お湯を注いだり電子レンジで温めたりするだけで手軽に食べられるインスタント食品は、忙しい時の頼れる味方として多くの家庭で重宝されています。しかし、夕食をインスタント食品で済ませることに抵抗感を抱く人も少なくないようです。読売新聞のユーザー投稿サイト「発言小町」には、「夕食にインスタント食品は何故嫌なのか」と題する投稿が寄せられ、大きな反響を呼んでいます。
「昼ならインスタントで良い」のに…
投稿したトピ主「ミルキーちゃん」さんは、知人から「カップ麺や袋麺、即席スープなどのインスタント食品を夕食に出されるのが嫌」と聞かされました。理由を尋ねると、「夜なのにインスタントだと寂しい」と答えたそうです。ふだんはインスタント食品をほとんど食べないというトピ主さんは、「夜にインスタントを食べるのが寂しいのなら、昼に食べても寂しいのでは?」と考えましたが、知人は「昼ならインスタントでよい」と言います。けげんに思ったトピ主さんは、「昼にインスタント食品を食べるのに、夕食に出すと嫌がるのはなぜだと思いますか?ご意見をお聞かせください」と、発言小町に問いかけました。
夕食にインスタントは「手抜き」の証?
これに対して、「メロ」さんは「日本の場合は、朝、昼は簡単な食事でいいけど、夕食は一日のメインの食事、ちょっと豪華に食べたいという感覚の人が多いのでは。その夕食がインスタントではちょっと寂しいのでは」とコメントしています。「べるる」さんは「インスタント食品には『手抜き』のイメージがある」と語り、さらに「夕食は、一日が終わり、ゆっくりできる時間だから、手抜きのインスタントだと寂しく感じる人もいるのかも」と指摘。「シャススプリーン」さんも、「夕飯にインスタント食品が出てきたらかなり侘しいかな。『明日も仕事を頑張ろう!』って思えない」と明かします。

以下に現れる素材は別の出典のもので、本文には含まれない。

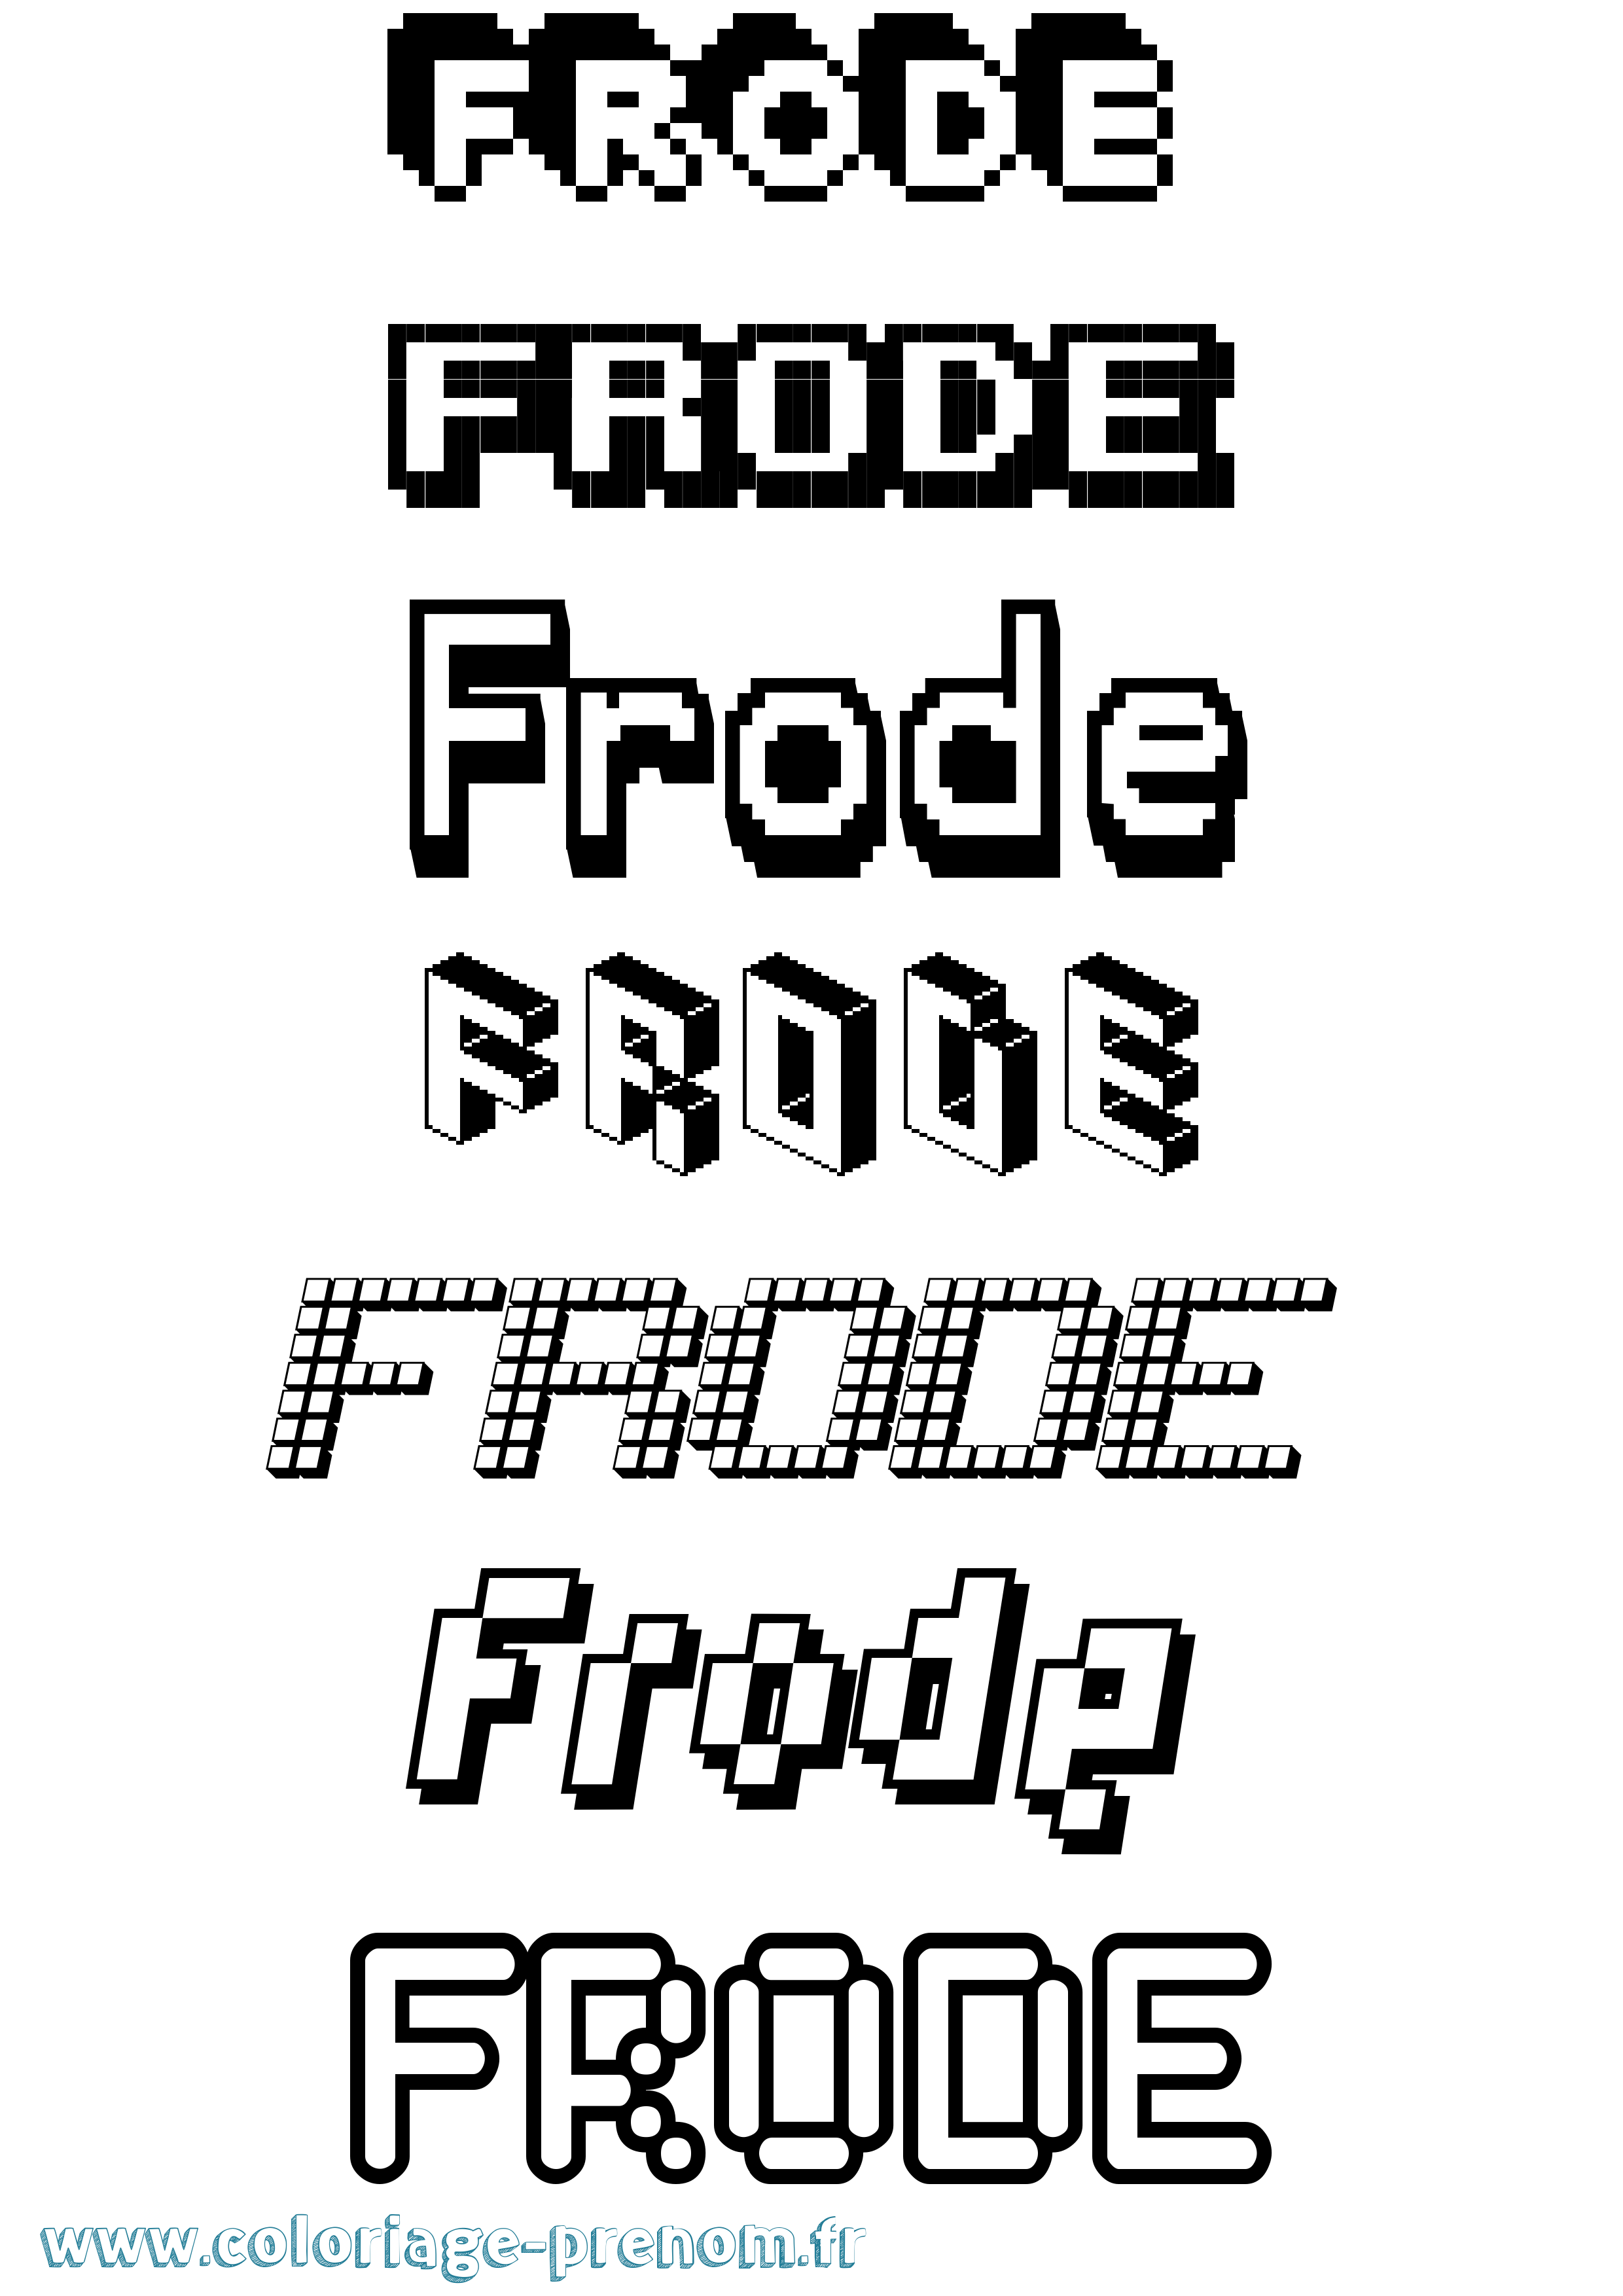 Coloriage prénom Frode Pixel

「水筒」さんは、「自炊してる人なら、残業で疲れ切った日の夕食はインスタントもあり」と言います。トピ主さんの知人は、自身は夕食を作らず、家人に作ってもらっている男性だろうと推察したうえで、「出してもらった夕食がインスタントだと、愛とか誠意とか敬意とか、そういうものがなくて、自分が雑に扱われているという不快感があるんだと思う」との見解を示しました。
「手抜き」に見えない夕食インスタントの工夫
一方で、インスタント食品でも「手抜き」に見えない夕食になり得るという意見もありました。「ぷ~パン」さんは「肉・野菜たっぷりのインスタントラーメンならいいのでは?ラーメンのみをサッと食べる昼とは違って、夜のインスタントラーメンは、鍋にして野菜やお肉をたっぷり煮て食べる。うちでもやりますよ。たっぷり野菜入れますから、立派なおかずになります」とアピール。「アジュンマゆうこ」さんは、「冷凍ギョーザ・冷凍ピラフ・冷凍うどん……。テーブルを埋め尽くす品数でしたら寂しくありません。インスタントで食卓を演出しましょう」と、冷凍食品をたくさん取り入れるよう提案しています。

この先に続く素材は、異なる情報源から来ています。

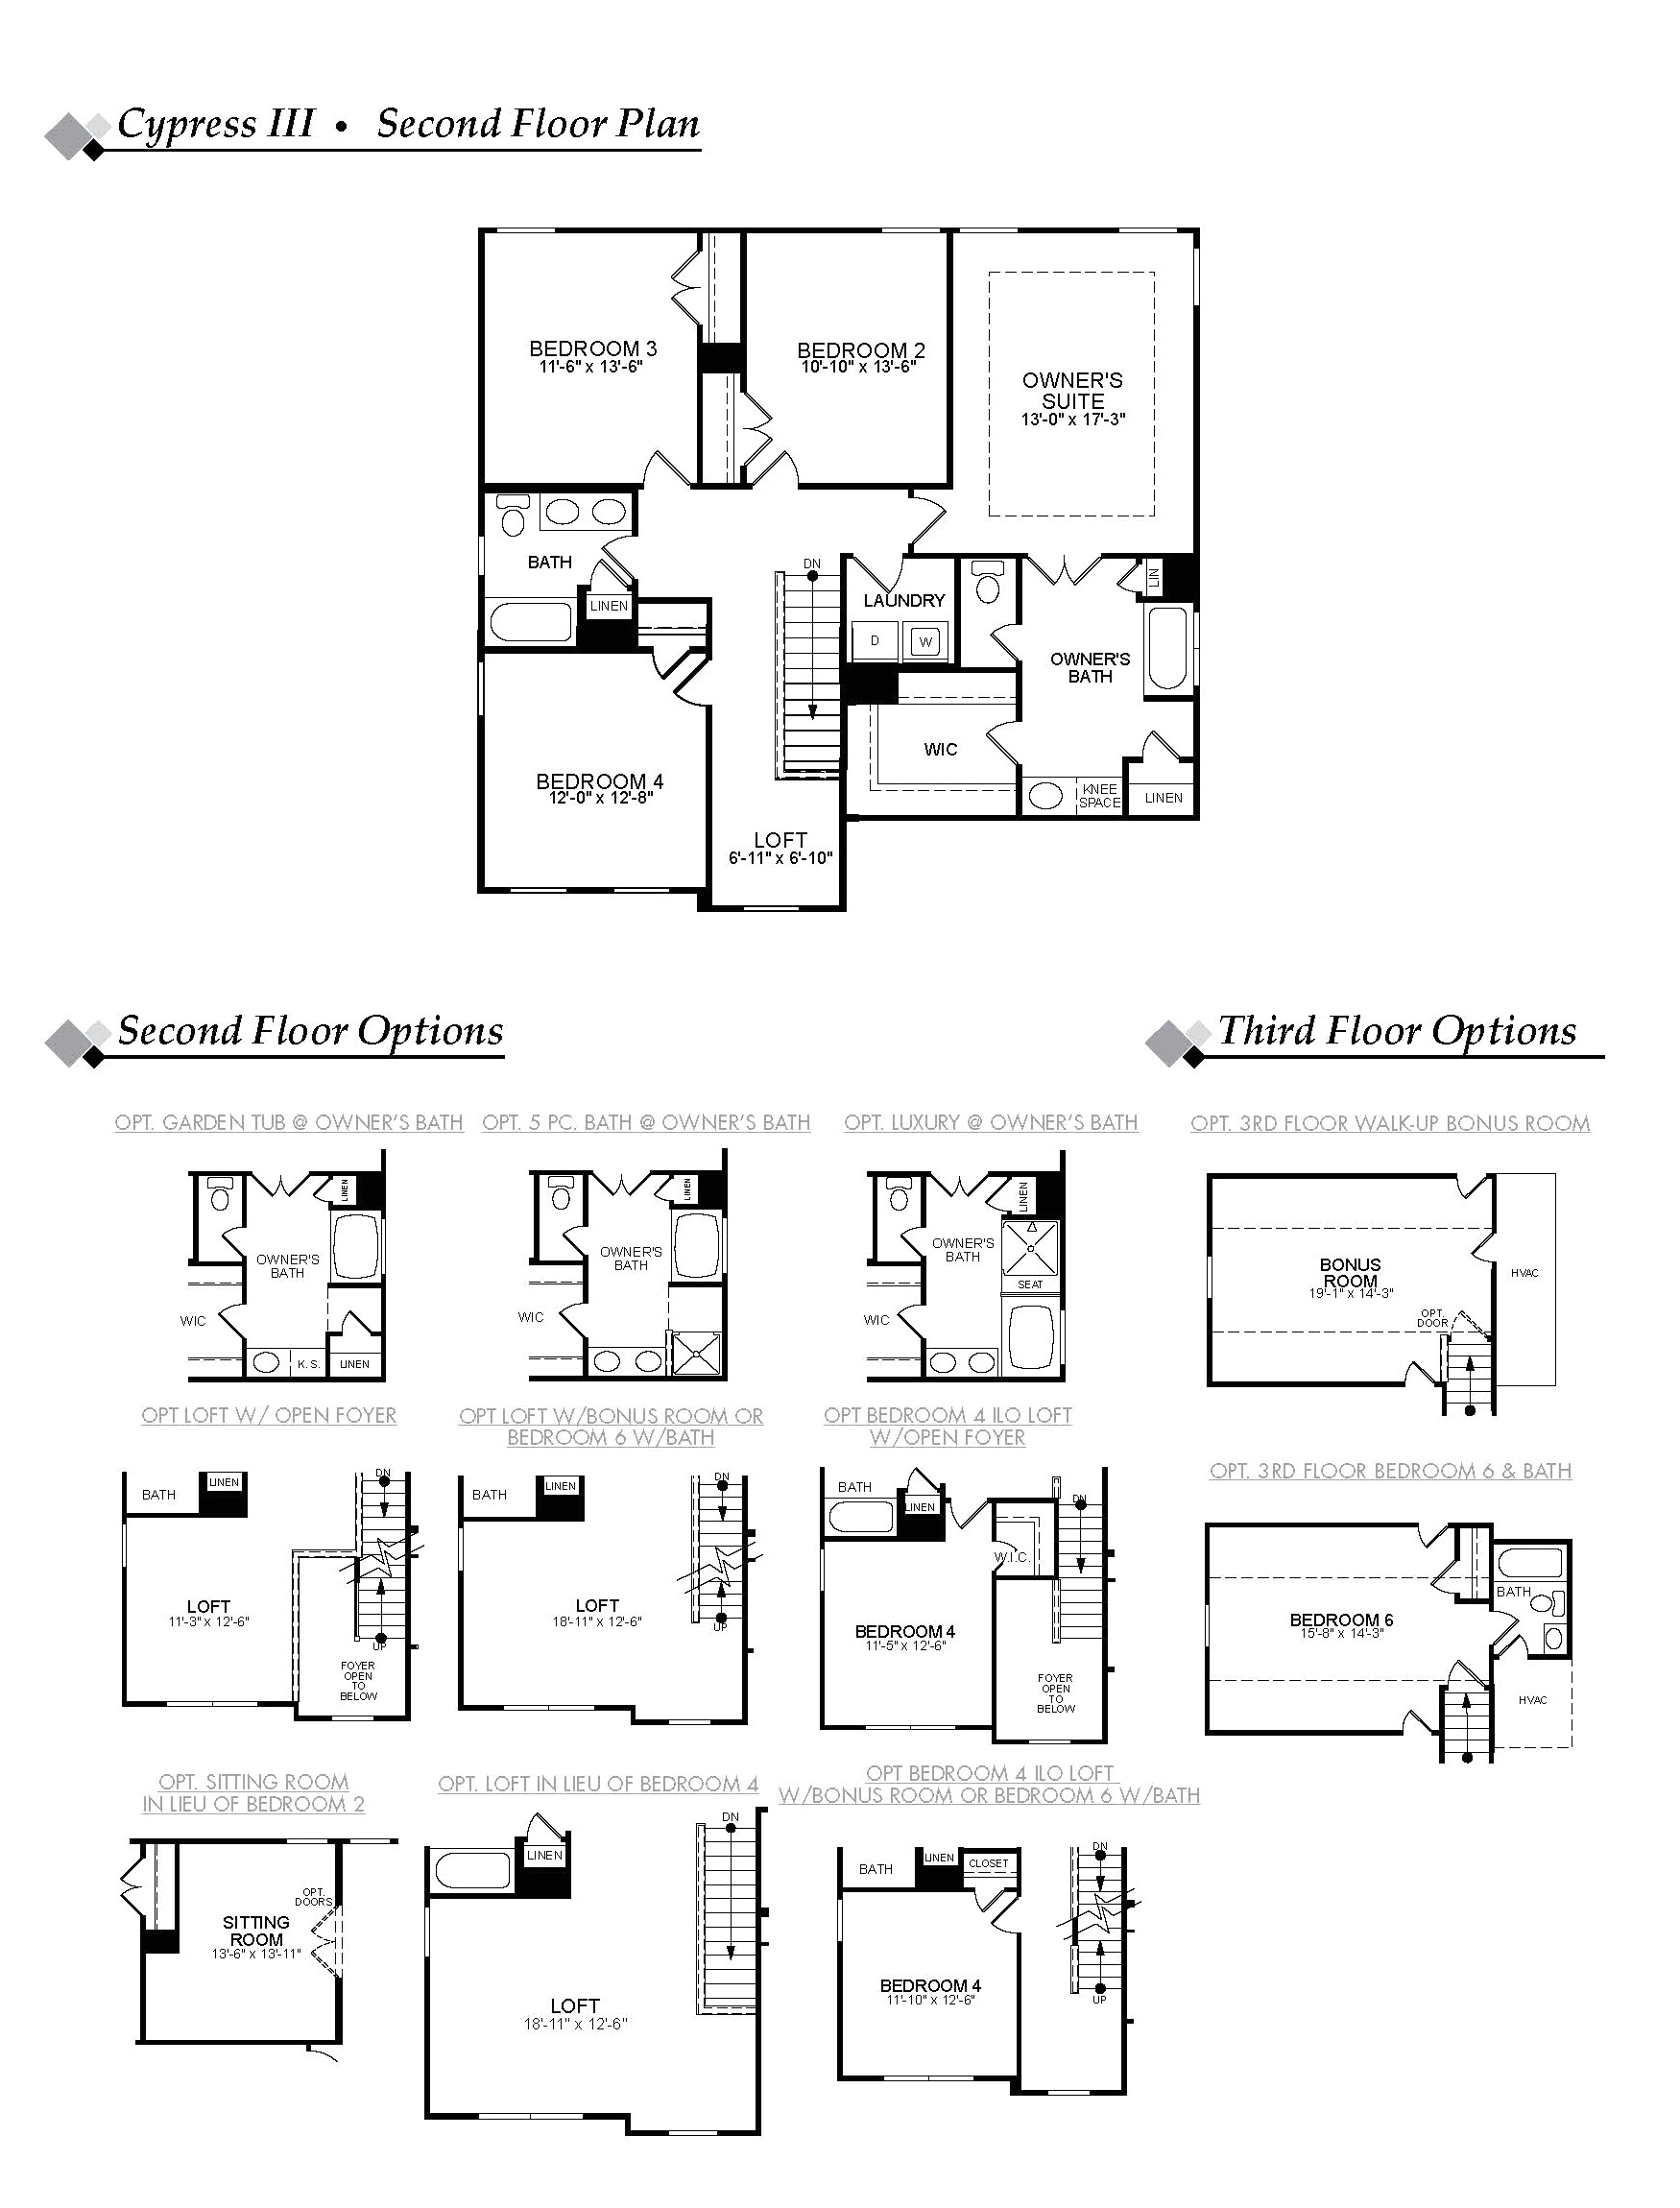 eastwood homes cypress floor plan

インスタントラーメン「アリ」8割…でもカップ麺は「ナシ」
数あるインスタント食品の中でも、日本人に最も親しまれているものの一つが、「国民食」とまで言われるインスタントラーメンでしょう。発言小町編集部では、夕食にインスタントラーメンはアリかナシか、アンケートを実施。その結果、8割近くの人が「アリ」と回答しました。

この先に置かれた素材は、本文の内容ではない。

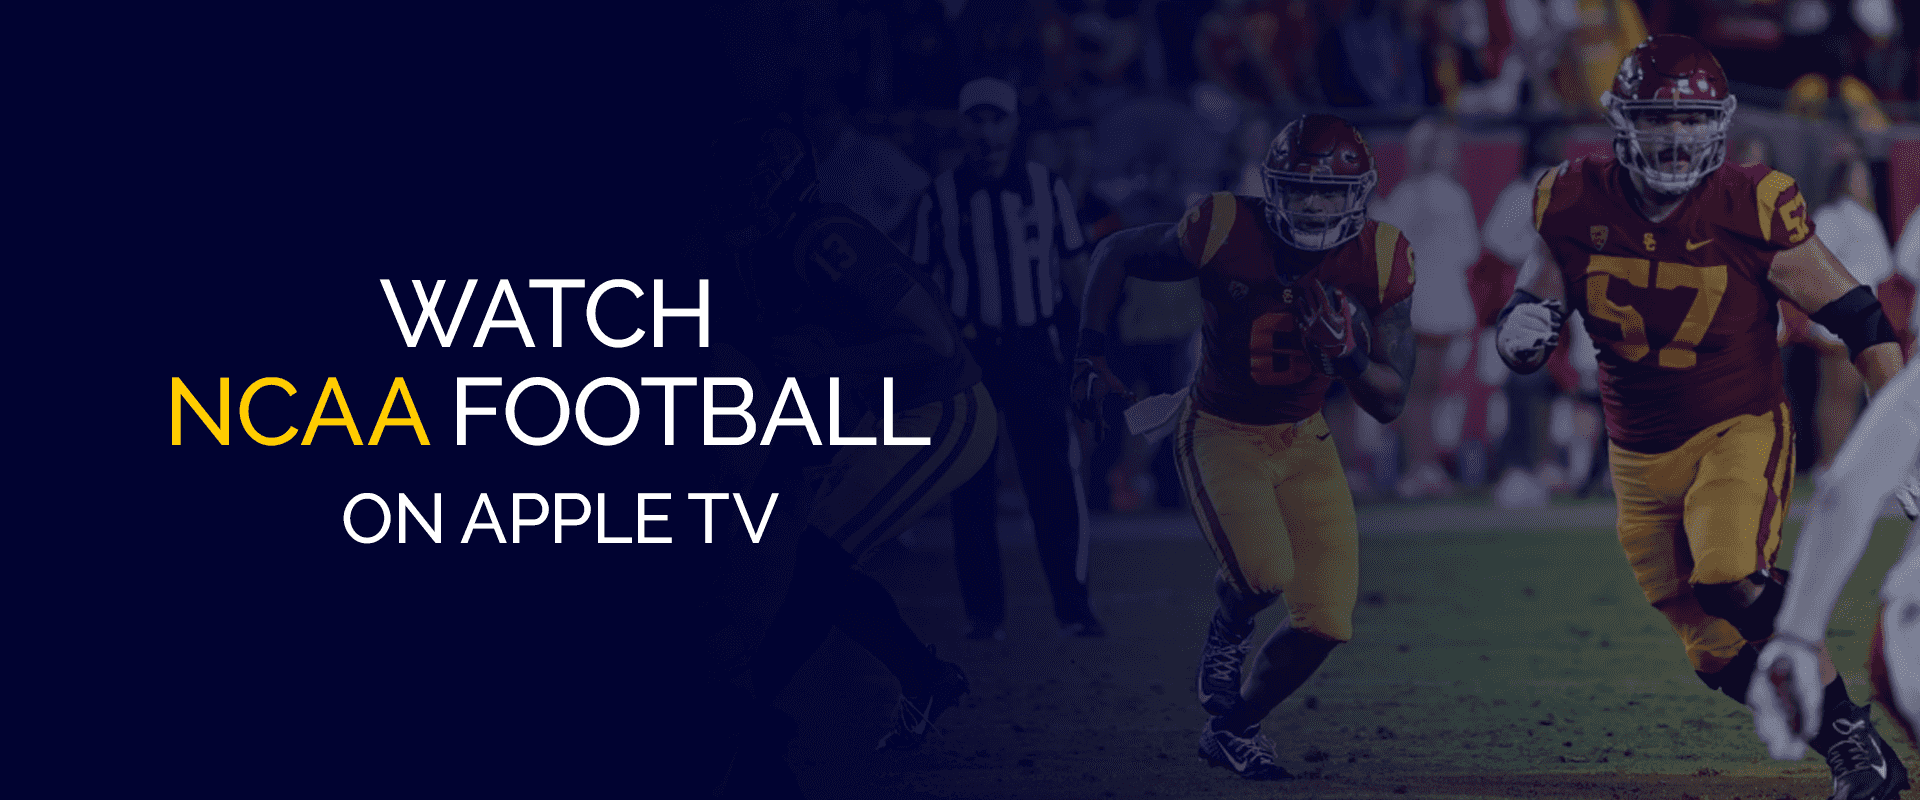 Watch NCAA Football on Apple TV

もっとも、インスタントラーメンでもカップ麺となると、「ナシ」とする人が少なくないようです。調査会社「マイボイスコム」(東京)が今年3月、10~70代の男女1万1000人余りを対象に実施したアンケート調査では、カップ麺を食べるタイミングについて、「平日の昼食」と回答した人が53.5%、「休日の昼食」と答えた人が46.6%なのに対して、「平日の夕食」は11.4%、「休日の夕食」は8.5%にとどまっています(複数回答)。確かに、忙しい日中に手っ取り早く食事を済ませたいなら、カップ麺はぴったりですが、「お湯を注ぐだけで出来上がり」なので、手抜き感は否めないでしょう。発言小町に寄せられた意見を加味すると、袋麺をゆでて、肉や野菜などの具材をプラスするのであれば、手抜き感も多少は薄れて、「夕食にアリ」と許容されそうです。